We’ve also seen a few startups that can predict future frames of video from past ones, by using prior knowledge about time and causal reasoning. Behind every two-dimensional (2D) image, there is a three-dimensional (3D) world that explains it. When the 3D world is compressed down to a single 2D image, a lot of data is lost, and the way that it is compressed is not random. If you can harness that relationship between the 3D world and its compression into 2D images, you can then work backwards and input an image that allows an AV to understand the 3D world.
Another unique self-supervised approach that some startups and OEMs have been testing is placing cameras in their cars and comparing the video footage to the driver’s interaction with each specific road condition. Essentially, every time a driver is on the road, he or she is labeling driving data for the company through natural/self-supervision — without the company having to pay a human to physically annotate what the driver’s reaction was to the road conditions.
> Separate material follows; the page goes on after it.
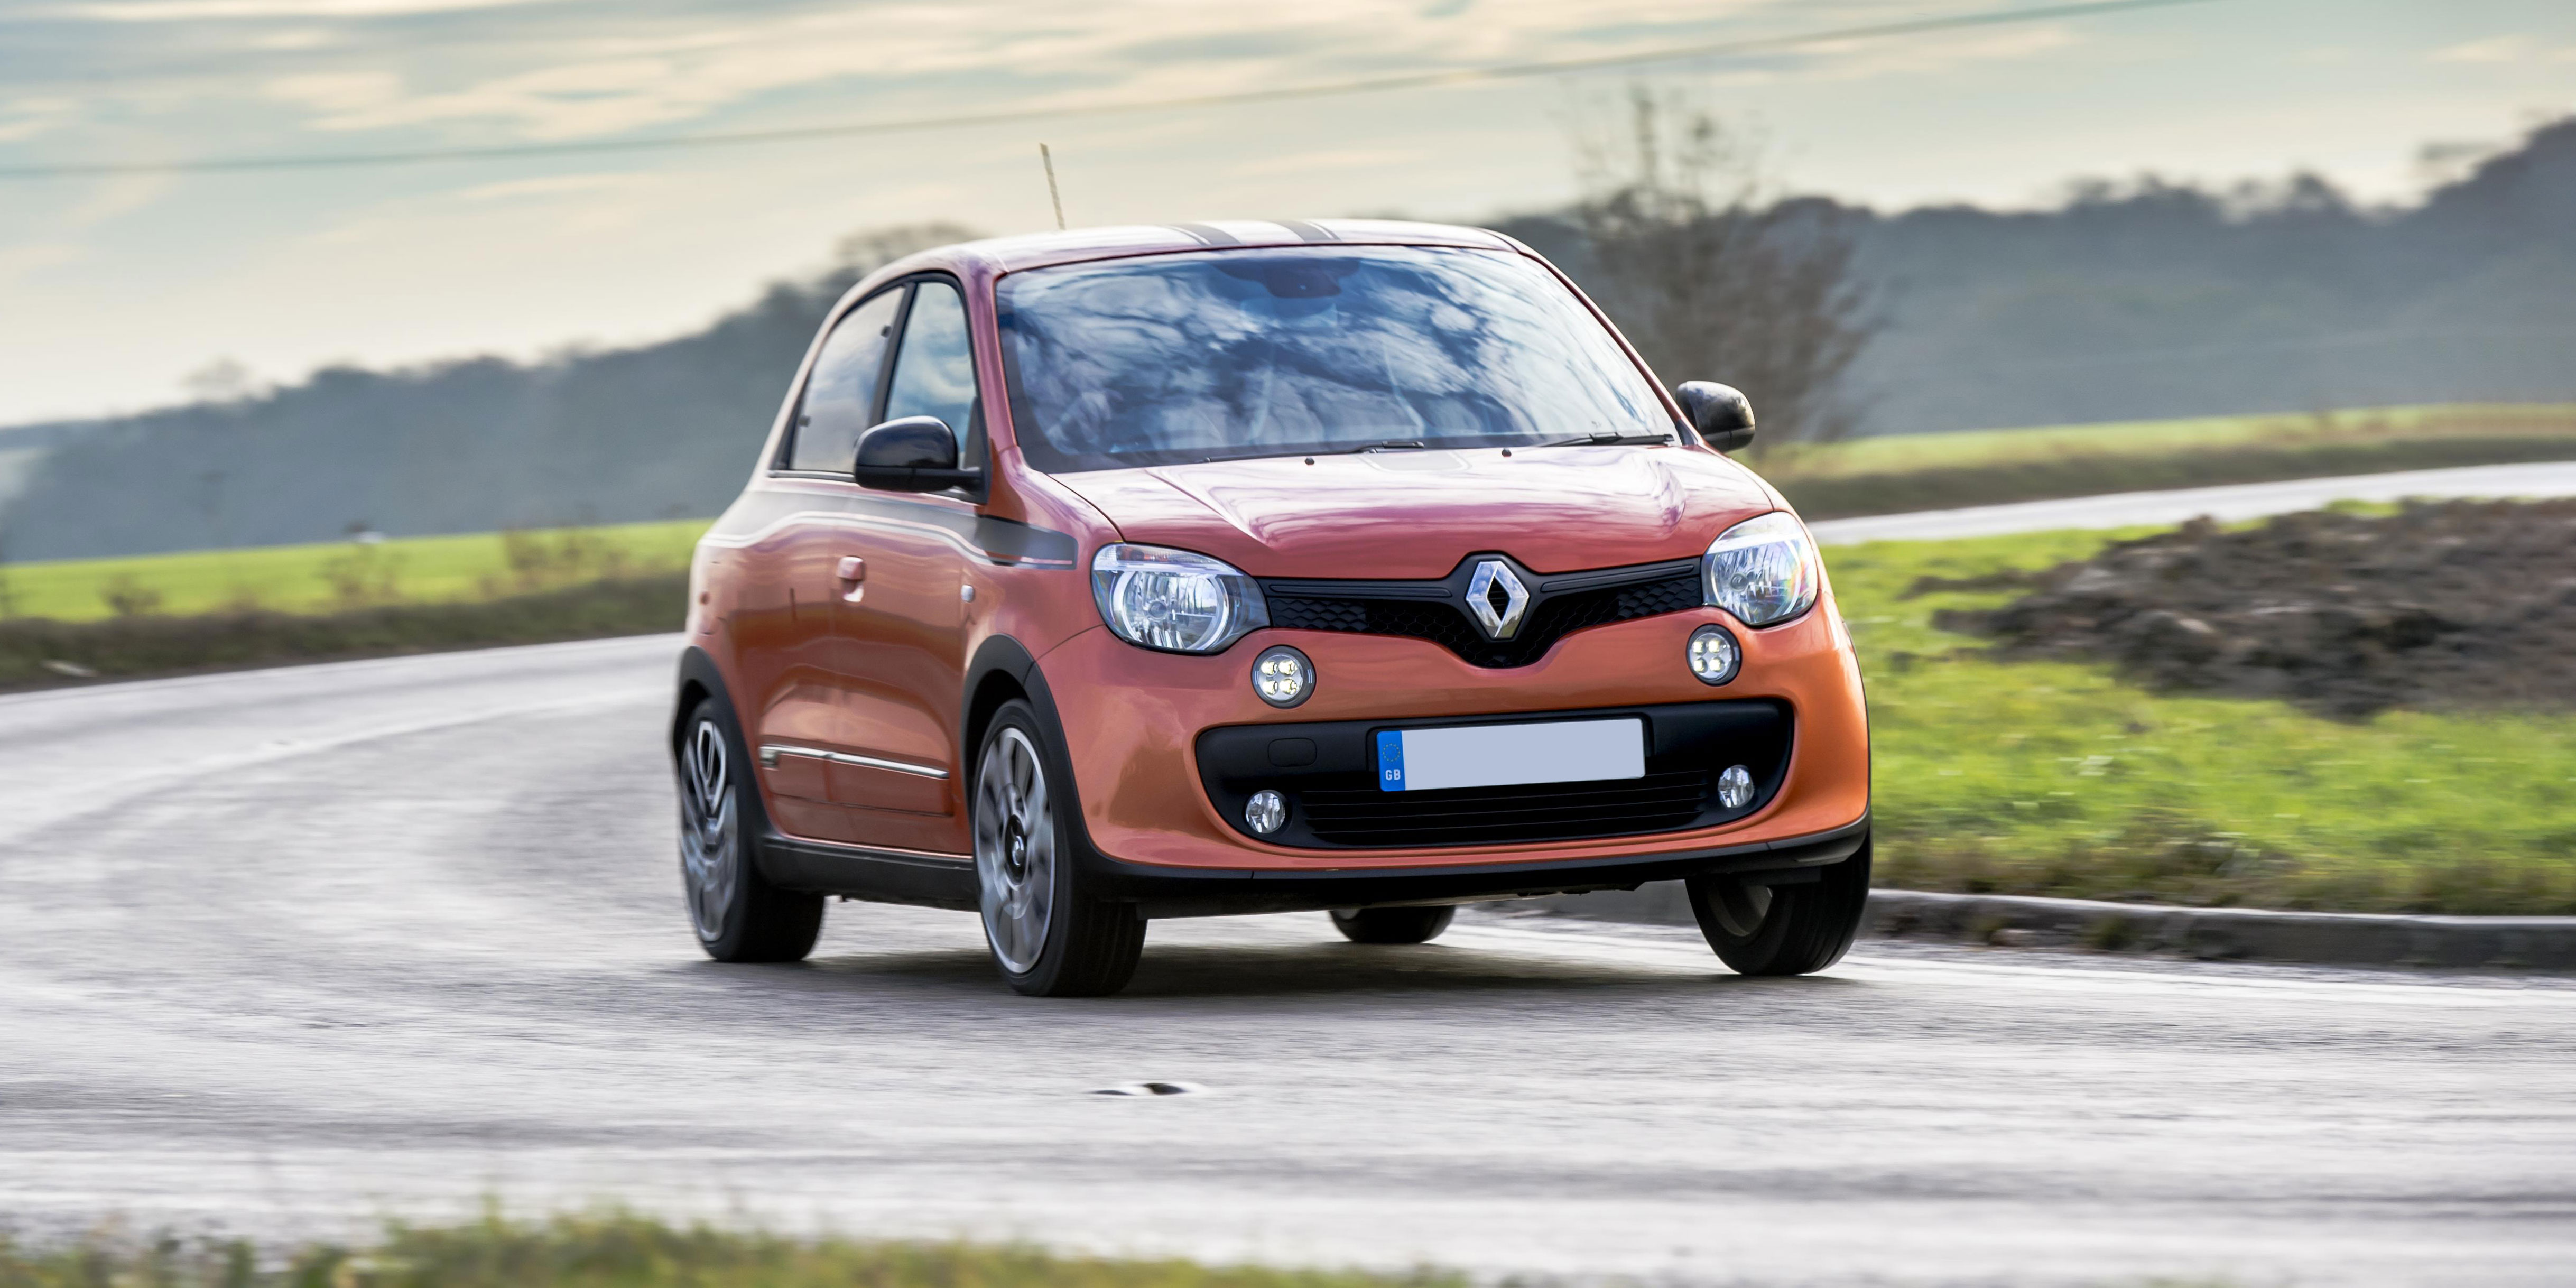 Renault's Twingo to Be Reborn as Electric Car Priced Less Than

Also, the spatial/temporal coherence of videos has a lot of latent structure that could be explored. Toyota AI Ventures is very interested in meeting with startups that can think of innovative ways to label “open space” on the road by harnessing these natural behaviors of data. Supervised or not, it needs to scale!
Also, information on the cost of labelling images:
approximately $4-$8 per image of 1920x1080 density for semantic segmentation, depending on quality of service
Semantic segmentation involves assigning every pixel in an image to a category (e.g. road, sidewalk, vehicle, pedestrian, tree, etc.), so it is probably more labour intensive than, say, drawing bounding boxes around traffic lights and labelling the colour of the light.